The r34gtr is stealth's old car. I want to know how he got the car there without getting snow in the tyre tread ? probably cleaned the tyres with his toothbrush sad man that he is


----------



## P3RV3RT (Aug 2, 2005)




----------



## freakazoid3 (Jan 19, 2008)

^^ LOl guess who's who 
Nice undercover look 

I which I could take pics of my R32 GTR in the snow, but she's tucked away warm and cousy in the garage


----------



## moz (Mar 22, 2005)

-----


----------



## Calv GTSt (Jun 30, 2002)

Giles
I have a high res tif of Ged's R32 in the snow from last years calandar (different from the one above), its a really nice pic though it is landscape, it could be cropped a bit, any good?

Calv


----------



## Snowfiend (Jul 11, 2006)

Nice one Calvin, can you email it over to me and I'll take a look ?


----------



## Calv GTSt (Jun 30, 2002)

I'll do it in the morning as its backed up at work :thumbsup:


----------



## stealth (Jul 6, 2004)

Yeah the 34 is my old car and I do still miss it :sadwavey:The light was really good that day in a strange sort of way .I really hope we get some more days like that this year ,I will be out with car and camera if we do .I find electric tooth brushes good for the snow on the tyres :chuckle:


----------



## jaycabs (Nov 16, 2007)

P3RV3RT said:


>


like a polar bear in the snow , just blends in :chuckle:


----------



## jaycabs (Nov 16, 2007)

i know this is a very poor picture but i still like the look of the angle of this one from a while back


----------



## Moff (Sep 27, 2004)

Love that 34.. Will try and get some pics of my Stagea in the snow tomorrow...


----------



## P3RV3RT (Aug 2, 2005)

By the way, that was at the Hotel next to the Nurburgring entrance last Easter.

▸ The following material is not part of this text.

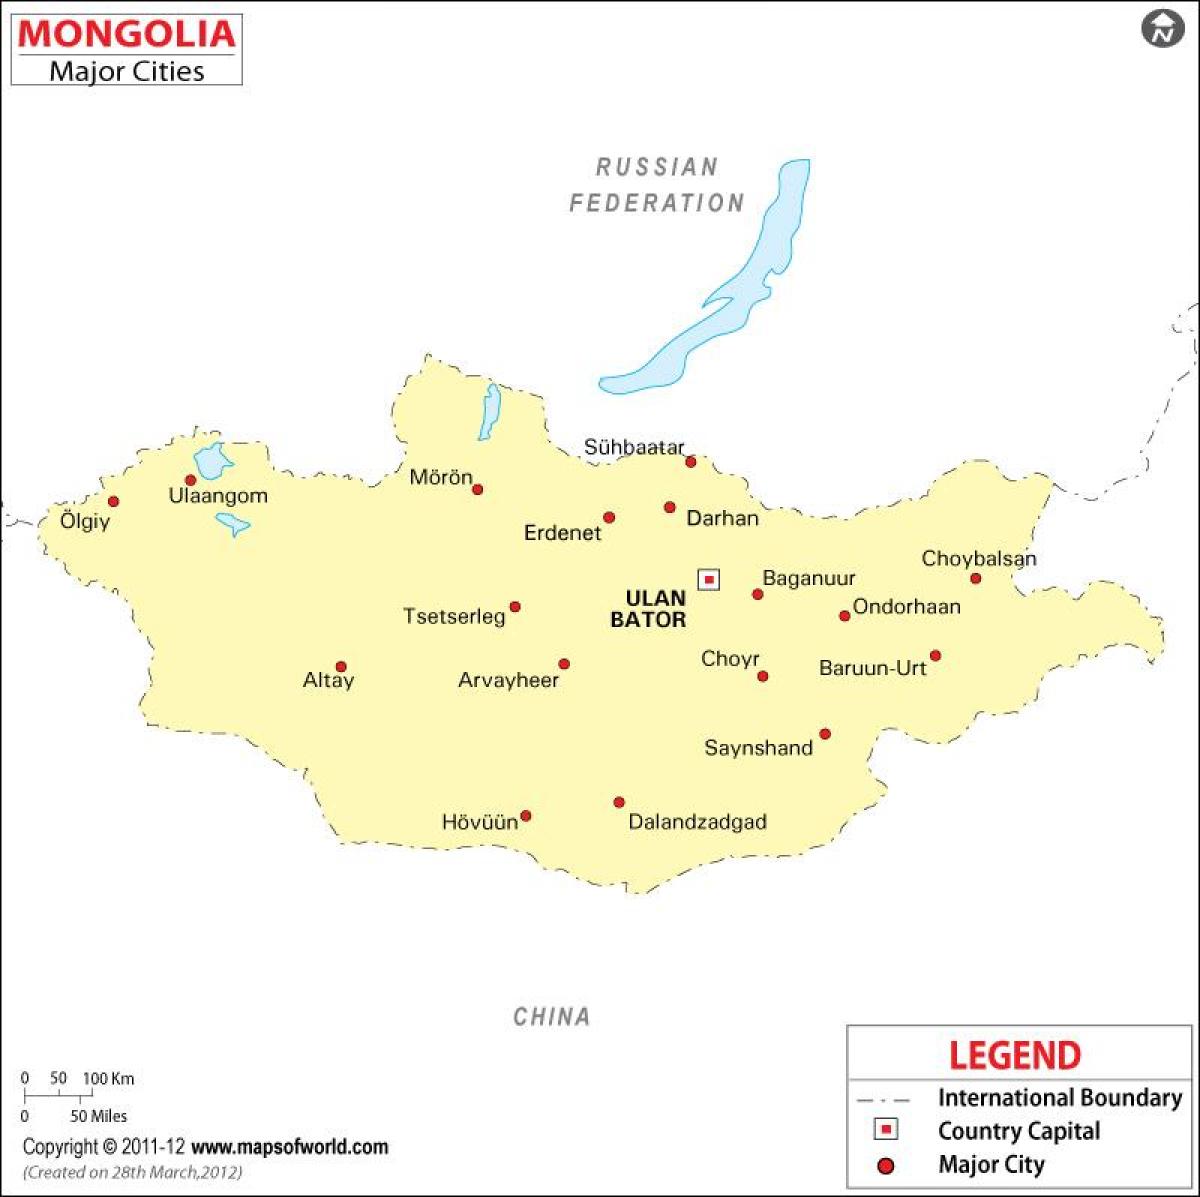 मंगोलिया के नक्शे के साथ शहरों

We had some fun there, the feild up the road was very interetsing cause we went snow drifting!!!


----------



## Snowfiend (Jul 11, 2006)

Yeah it was mental at the Nurburgring last easter wasnt it. I took my snowboard gear with me and spent the Saturday hitting some of the make shift slopes with the local sledgers 

Was in the missus Scooby, nice sensible 4wd car, LOL.


----------



## Luvan (Nov 2, 2008)

Mine in the snow


----------



## knight (Mar 2, 2002)

Yep the 32 on Do Lucks is my old car

Giles, you have pm:thumbsup:


----------



## blue34 (Jul 28, 2005)

Luvan said:


> Mine in the snow


Looks great, I like the contrast with the black wheels and white bodywork and snow.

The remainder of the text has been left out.